Por lo visto, así lo venían haciendo los vecinos de Oceja, hasta que en el año 1783, el obispo Don Cayetano Antonio Quadrillero les dejó escrito este recado: “Informado que los vecinos de este pueblo acostumbran a guardar como días festivos los días de San Roque y San Miguel de Mayo con pretexto de voto que suponen del concejo, dejando de trabajar en sus haciendas para el mantenimiento de sus hijos y familia, empleándoles en ociosidades y otros excesos, en que lejos de obsequiar a los santos se les ofende…” (a continuación declara que esos días no son de precepto, por lo que prohíbe su celebración). Los de Oceja hicieron caso omiso al prelado que, años después, en 1791, vuelve a la carga, esta vez contra las alegrías de las vísperas, señalando: “Informado S.I., que en la víspera de San Roque se hacen hogueras entrada la noche a que concurre mucha gente de otros pueblos, siguiéndose de ello muchas ruinas espirituales y temporales, absolutamente lo prohíbe S.I., cuanto está de su parte y encargando a la justicia que lo haga observar, contribuyendo a evitar las expresadas ruinas”.

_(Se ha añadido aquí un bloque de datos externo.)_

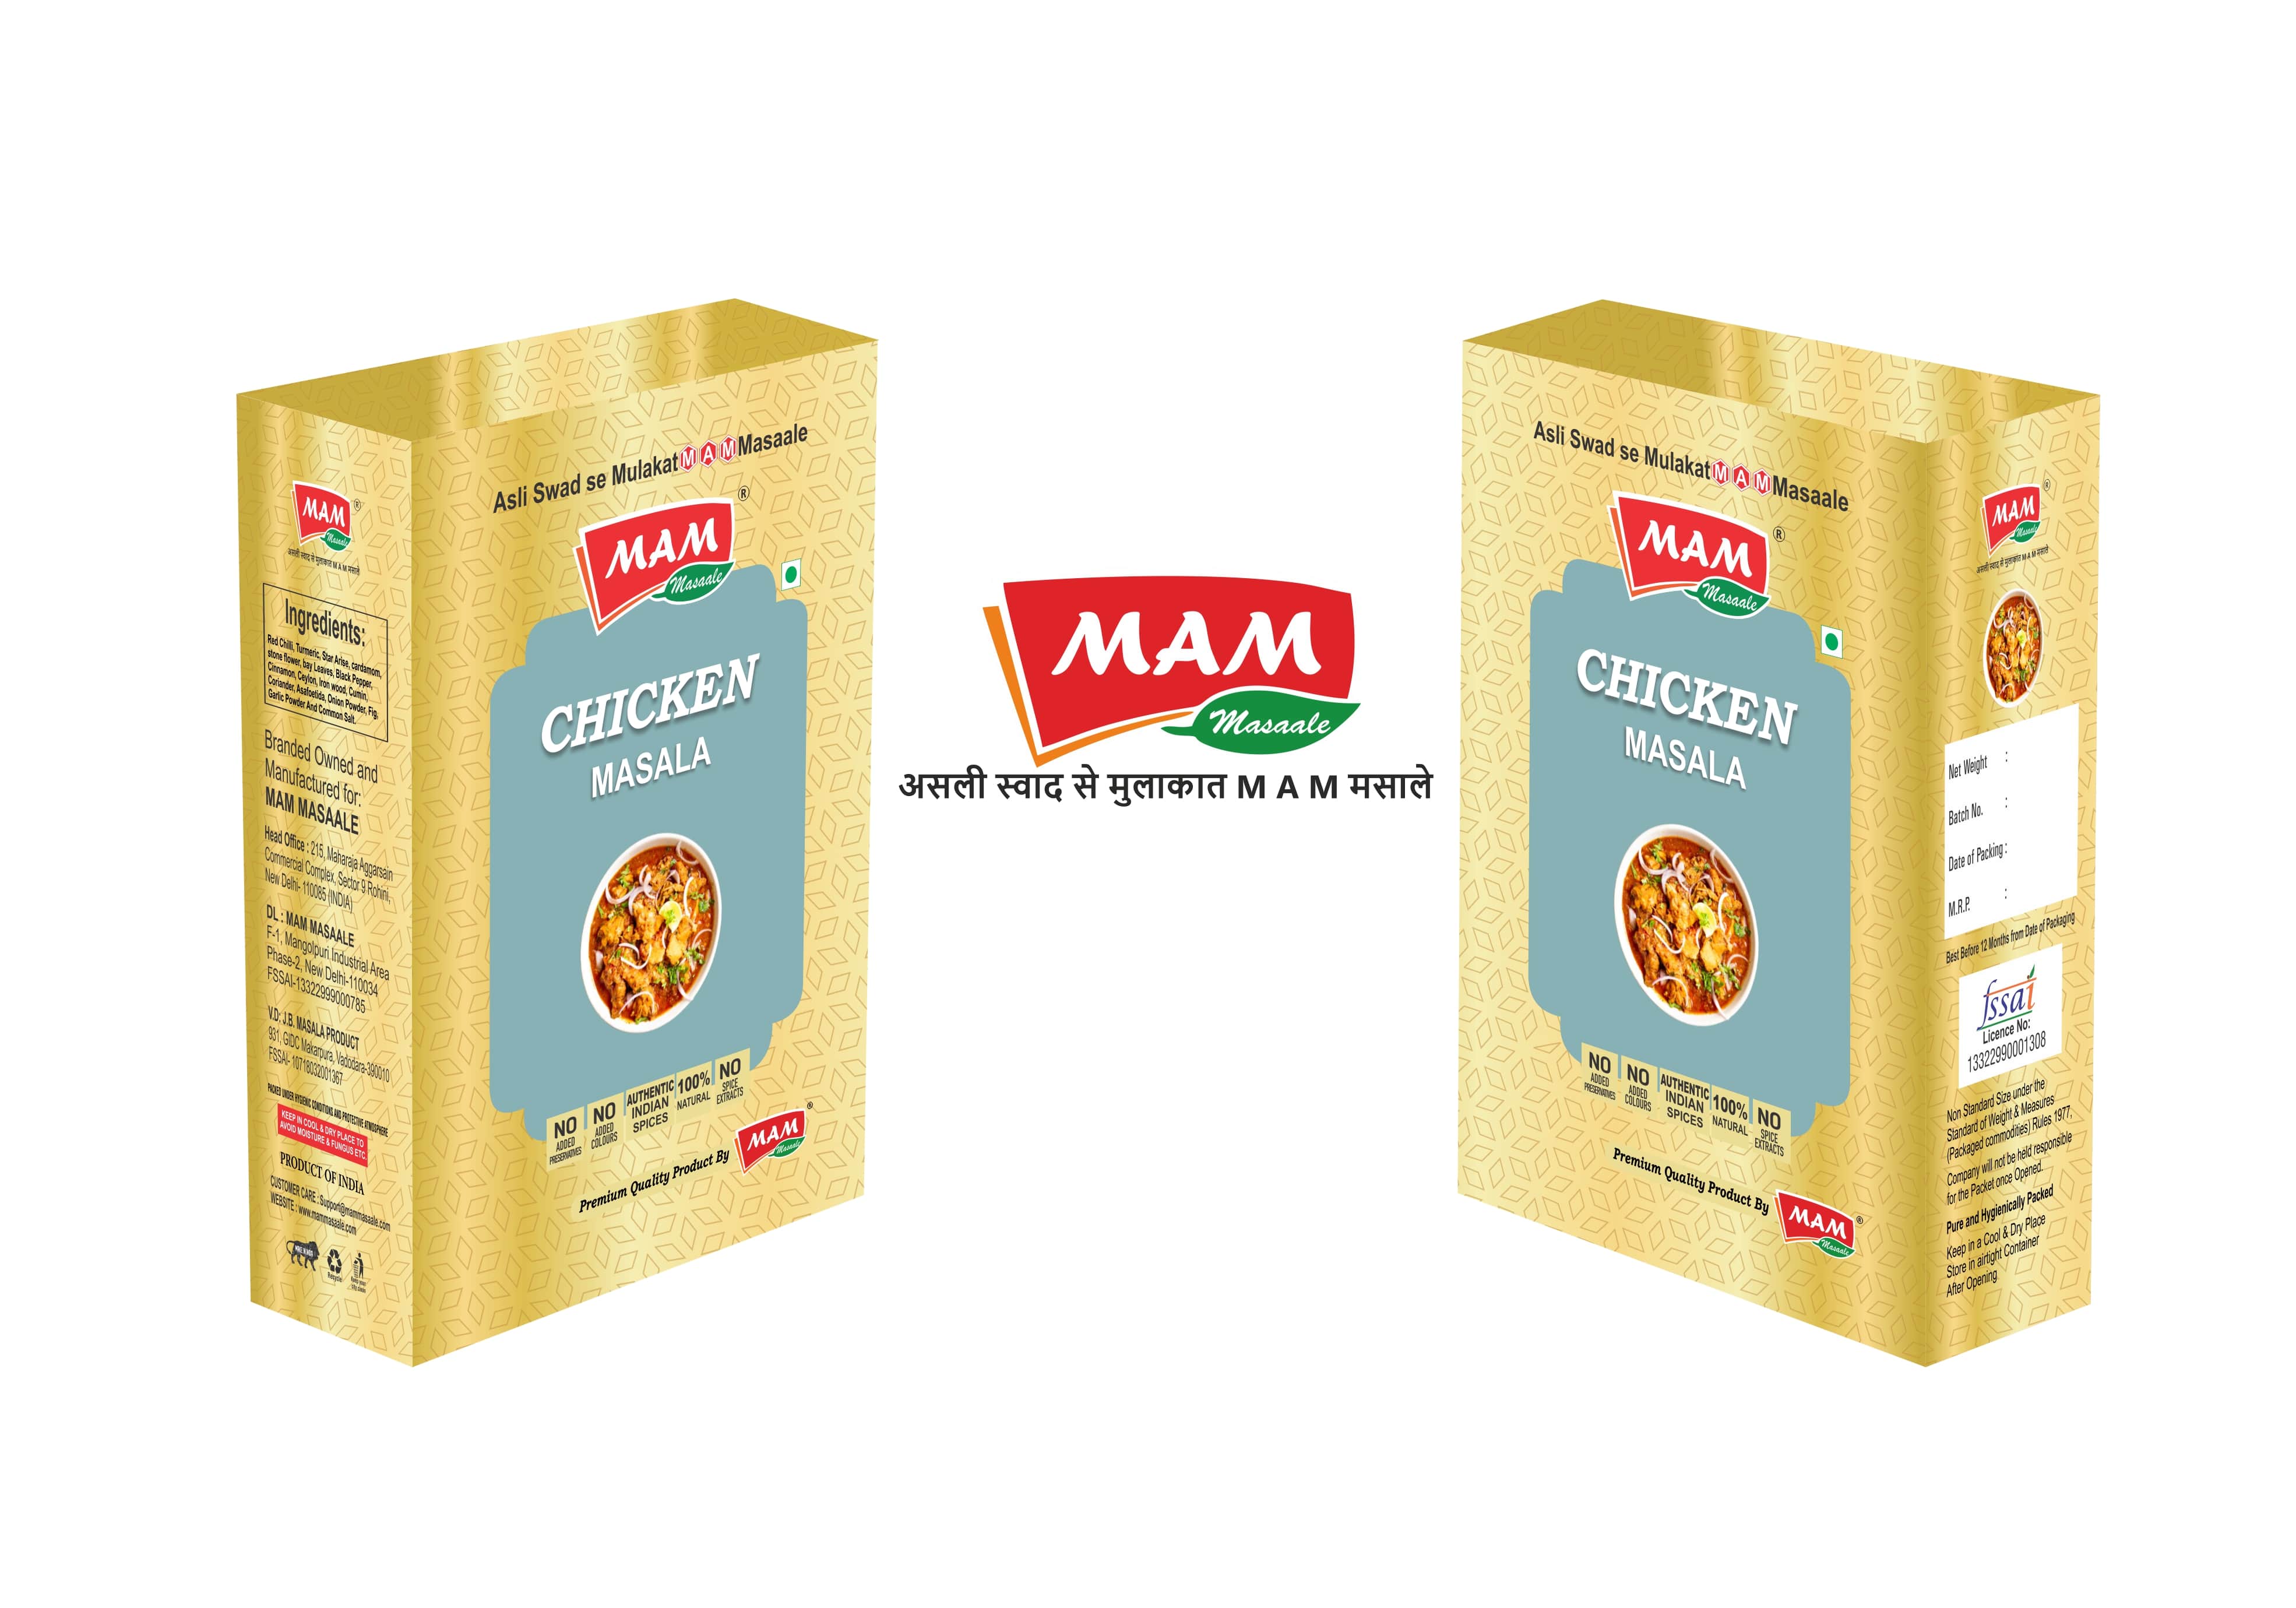 Chicken Masala | Spice India | Spice Manufacturer in Delhi - Mammasaale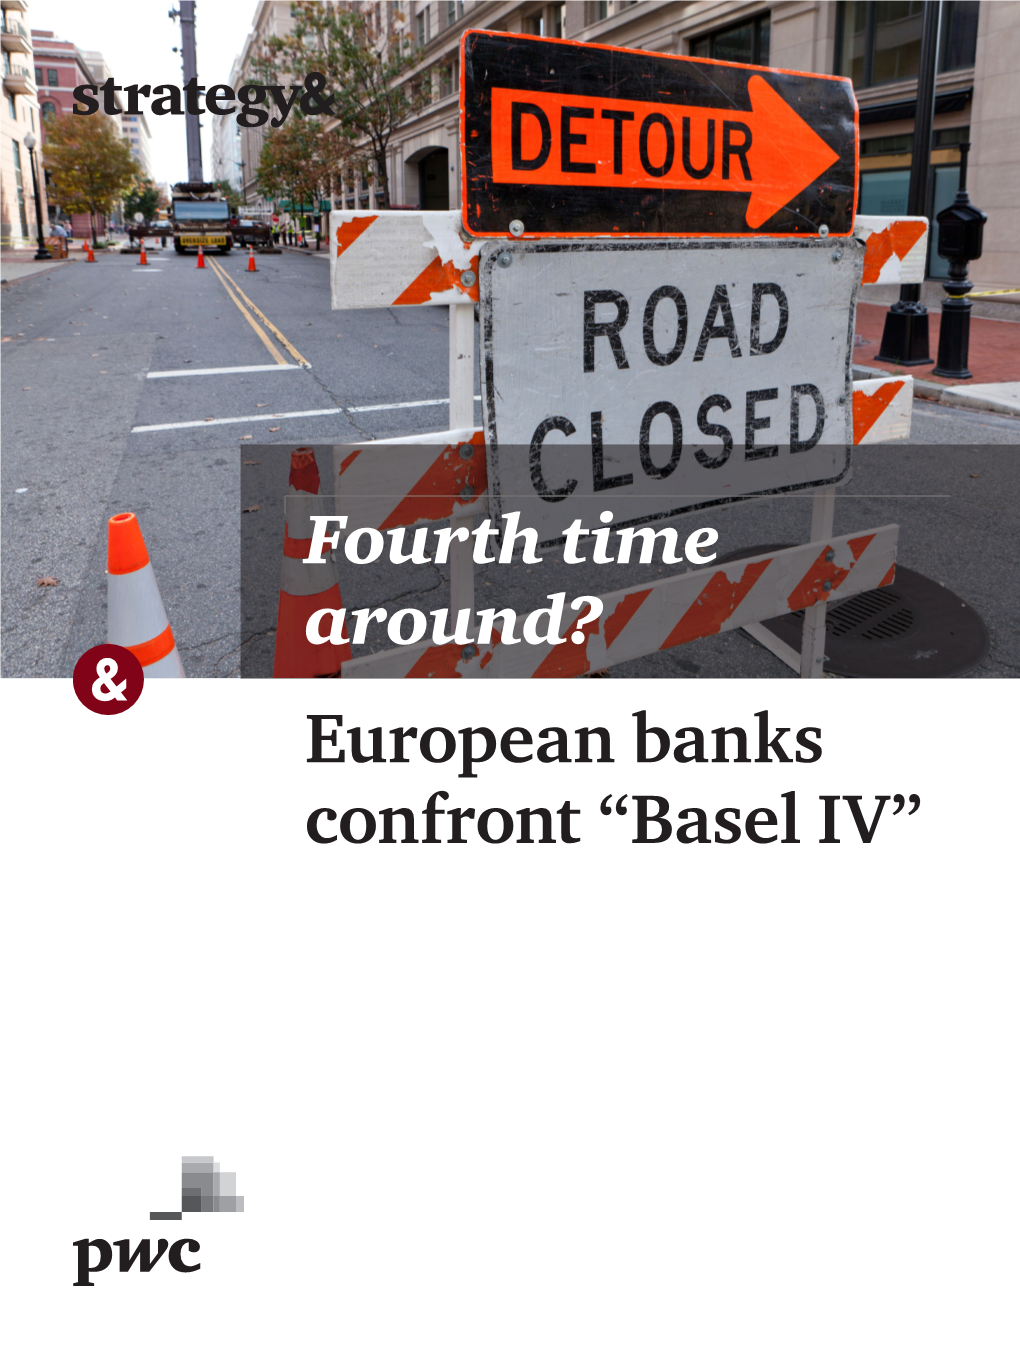 European Banks Confront “Basel IV” Fourth Time Around?

Desconocemos el grado de cumplimiento de este último mandato del Obispo Quadrillero, por otra parte un excelente prelado que hasta el final de sus días trató de favorecer y proteger a las personas más necesitadas de la diócesis y a quien debemos reconocer, entre otros muchos méritos, la fundación del entonces llamado Hospicio y Casa de Expósitos de León.
León, verano de 2019
BIBLIOGRAFÍA: Libros parroquiales de Gradefes, San Bartolomé de Rueda, San Pedro de Foncollada, Valduvieco, Yugueros y otros.